God save the King, Fu*k Hitler!

I'm not the only one who has used Morse-code within textiles to communicate secret messages, though this piece of cross stitch has an infinitely more heroic, historic and patriotic story; created in 1941 by Major Alexis Casdagli whilst he was a prisoner of war, being held by the Nazi's in the second world war. Pinching and scavenging various scraps of canvas and bits of yarn from fellow inmates' old jumpers and tattered pyjama's, Casdagli slowly started to create this embroidery with it's subversive coded message that was never understood by his captors, despite it being show throughout the castle in which hi was being held in Germany. Major Casdagli also created an embroidered map of his cell, as well as a fully stitched letter to his son, saying; 

‘It is 1,581 days since I saw you last but it will not be long now. Do you remember when I fell down the well? Look after Mummy till I get home again,’
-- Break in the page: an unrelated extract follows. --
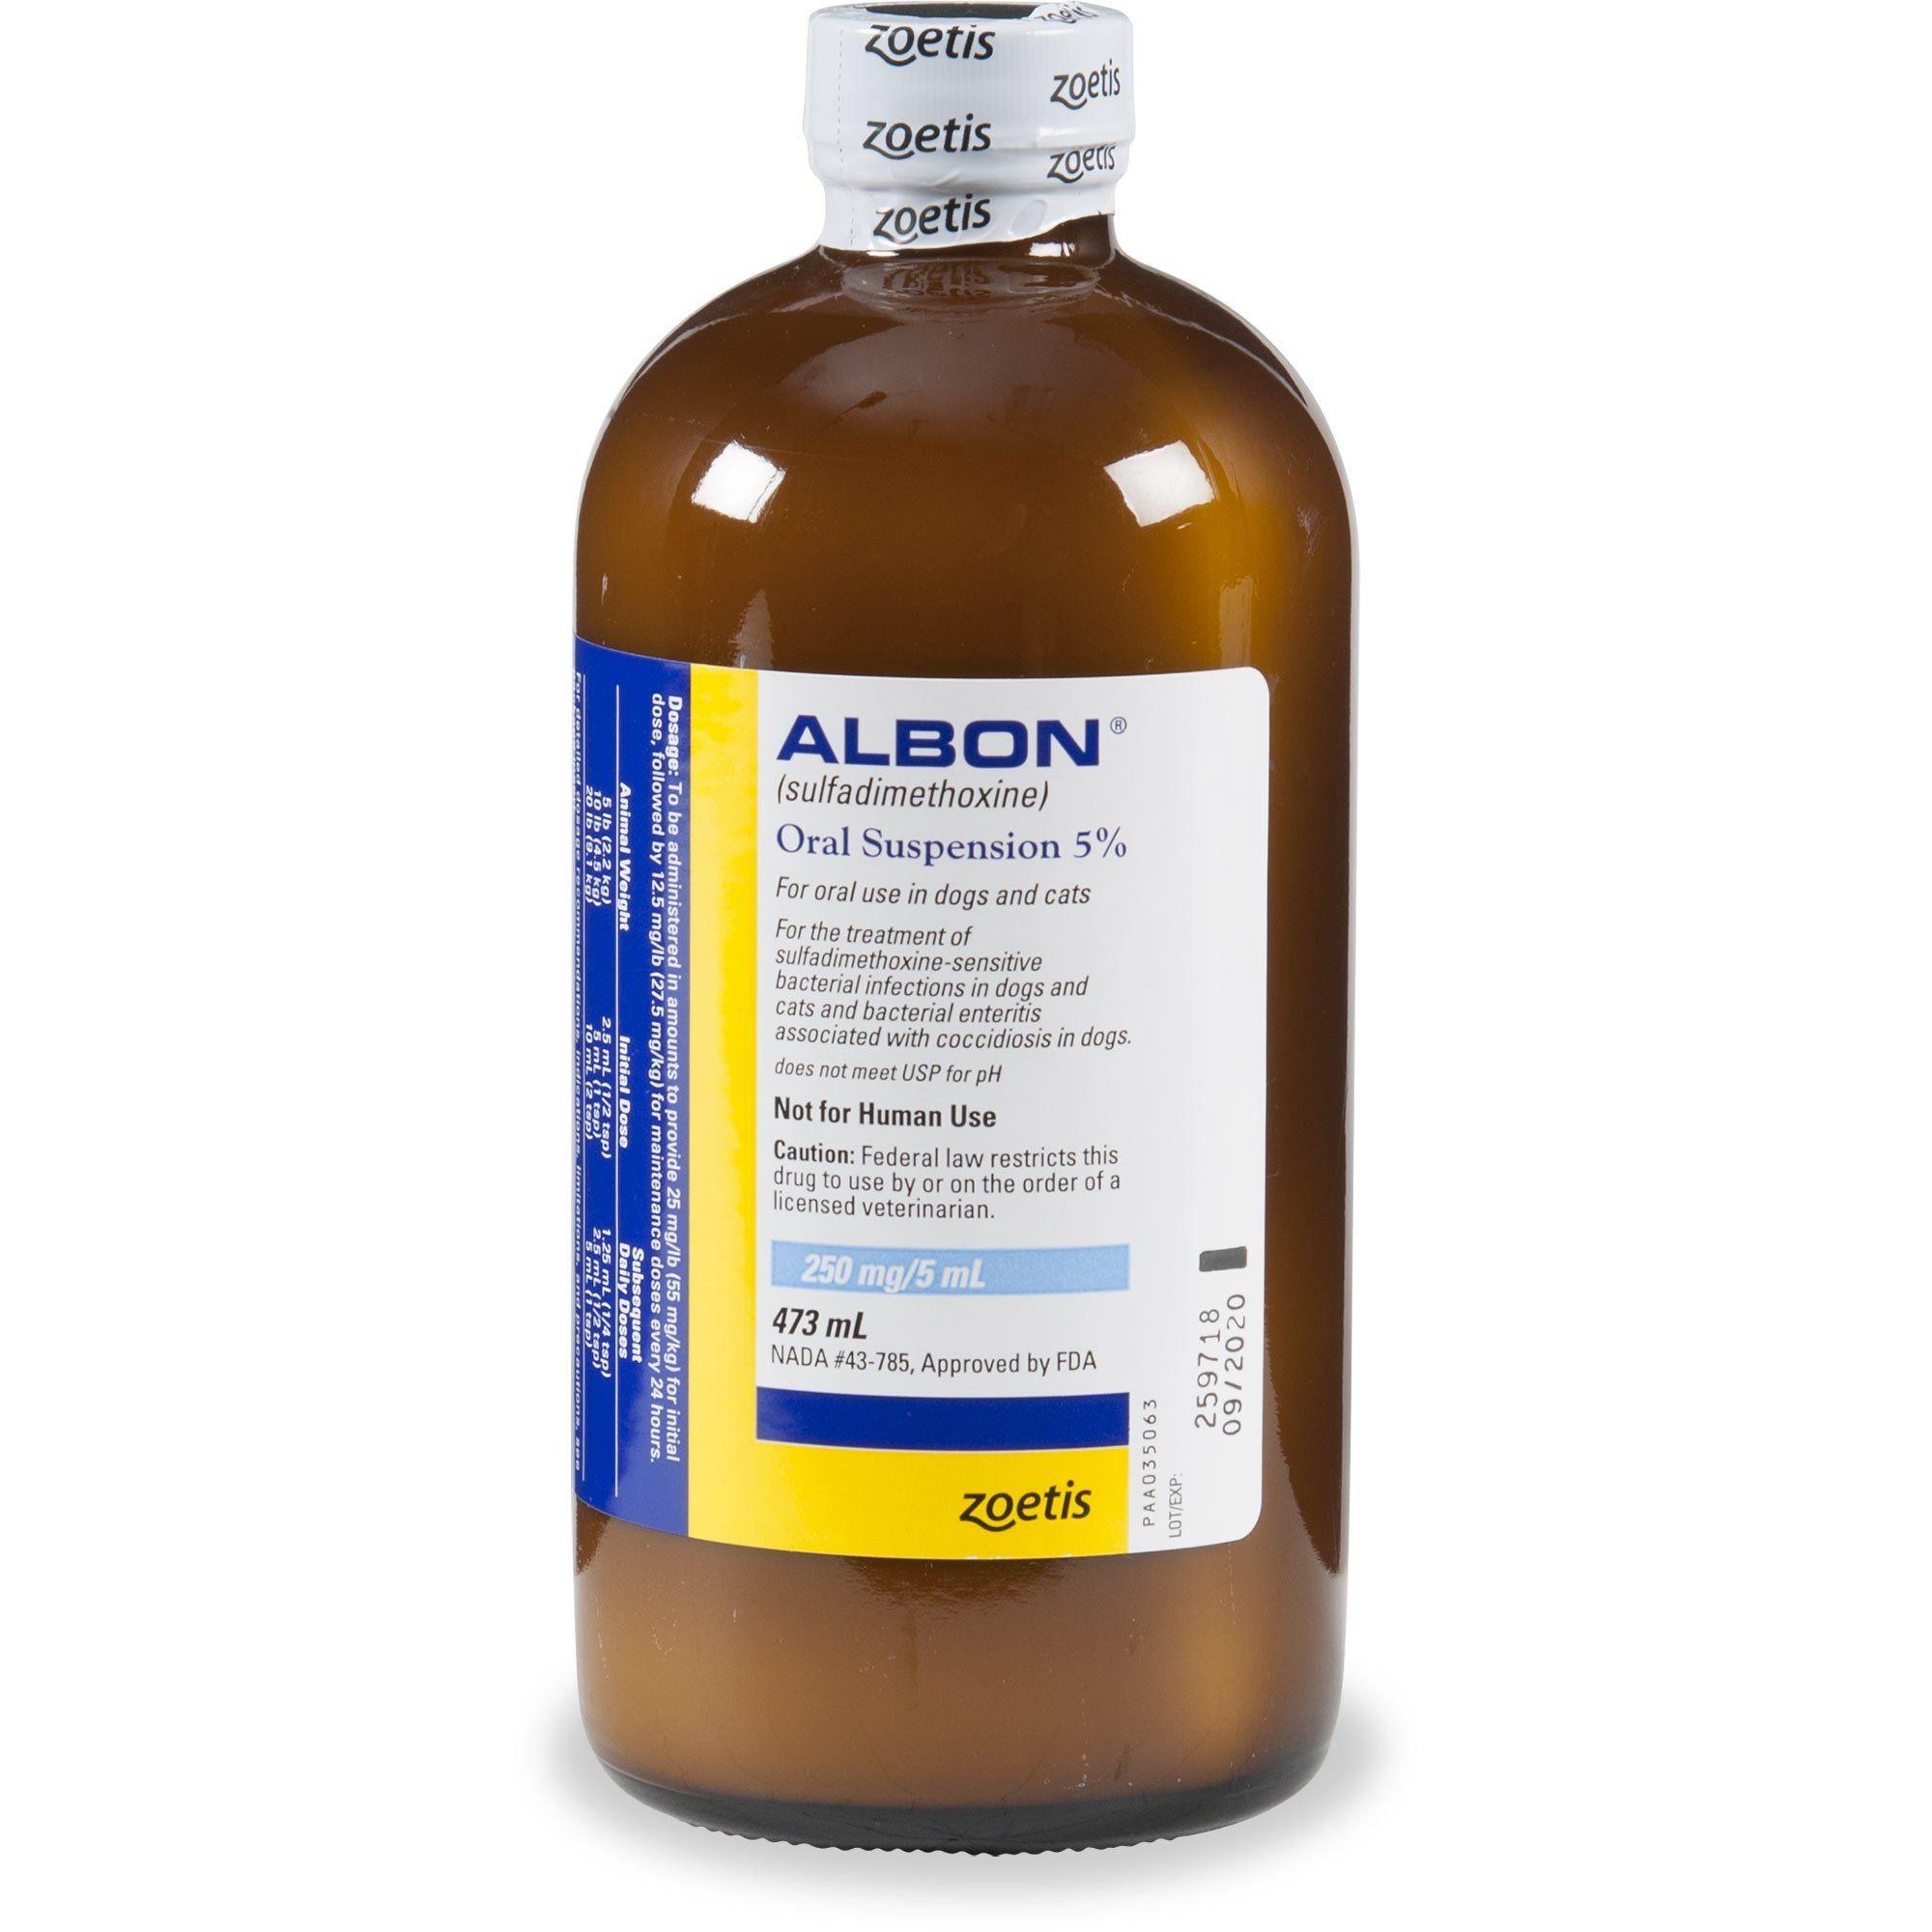 Albon Oral Suspension 16 Fl Oz Vet Clinics Wild Bird Food Drinking Water
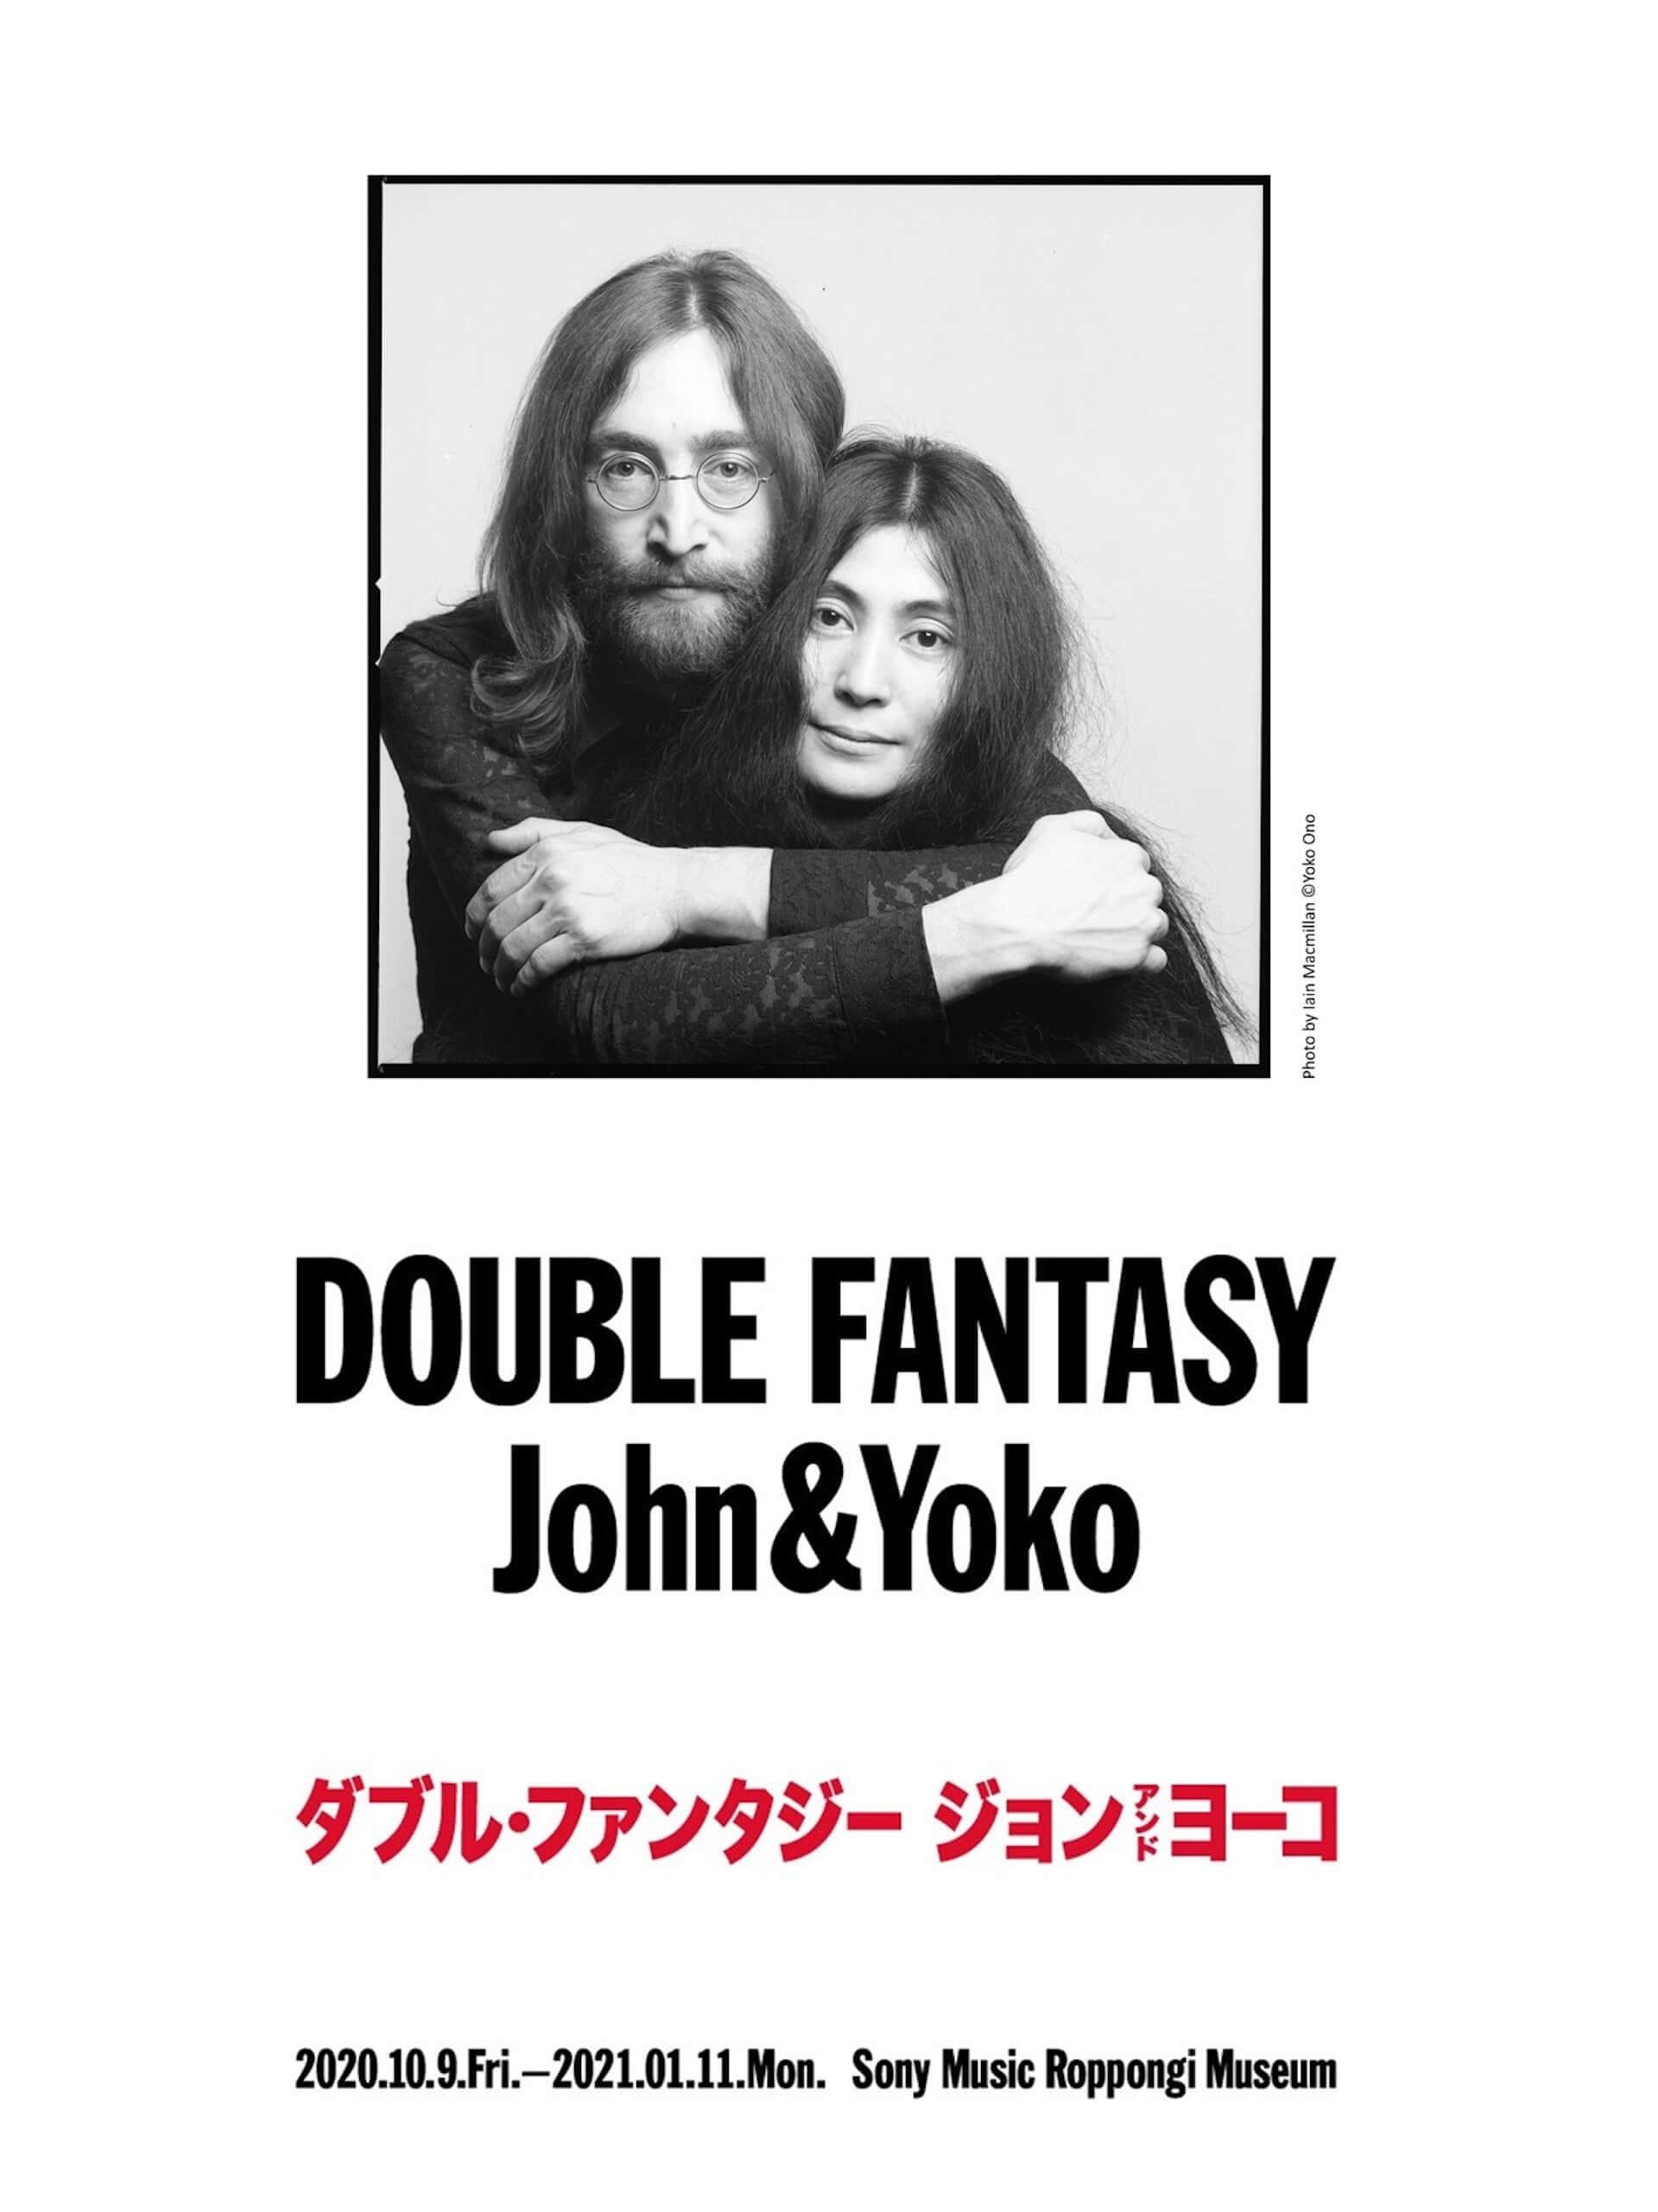 ジョン・レノンとオノ・ヨーコの軌跡を辿る展覧会<DOUBLE FANTASY - John & Yoko>東京展が開催決定!私物など100点以上展示 art200630_doublefantasy_5-1920x2561

Casdagli continued to stitch well into his old age, and passed the skill on to his son, who has now made a book called 'a stitch in time' about his father's experience during the war. His father believed that stitching could transport him from his worries, allowing him to become fully absorbed in his activity, whilst pouring sentiment, memory and story into his patterned textiles. This is something I aim to share with this extremely inspiring and talented hero!

Tony Casdagli, , holding his father’s work depicting his PoW cell.

A Stitch in Time: God Save The King, Fu*k Hitler' by Captain A Casdagli, is available from lulu.

1 comment:

  1. Wow, that is such an inspiring story - thanks for sharing!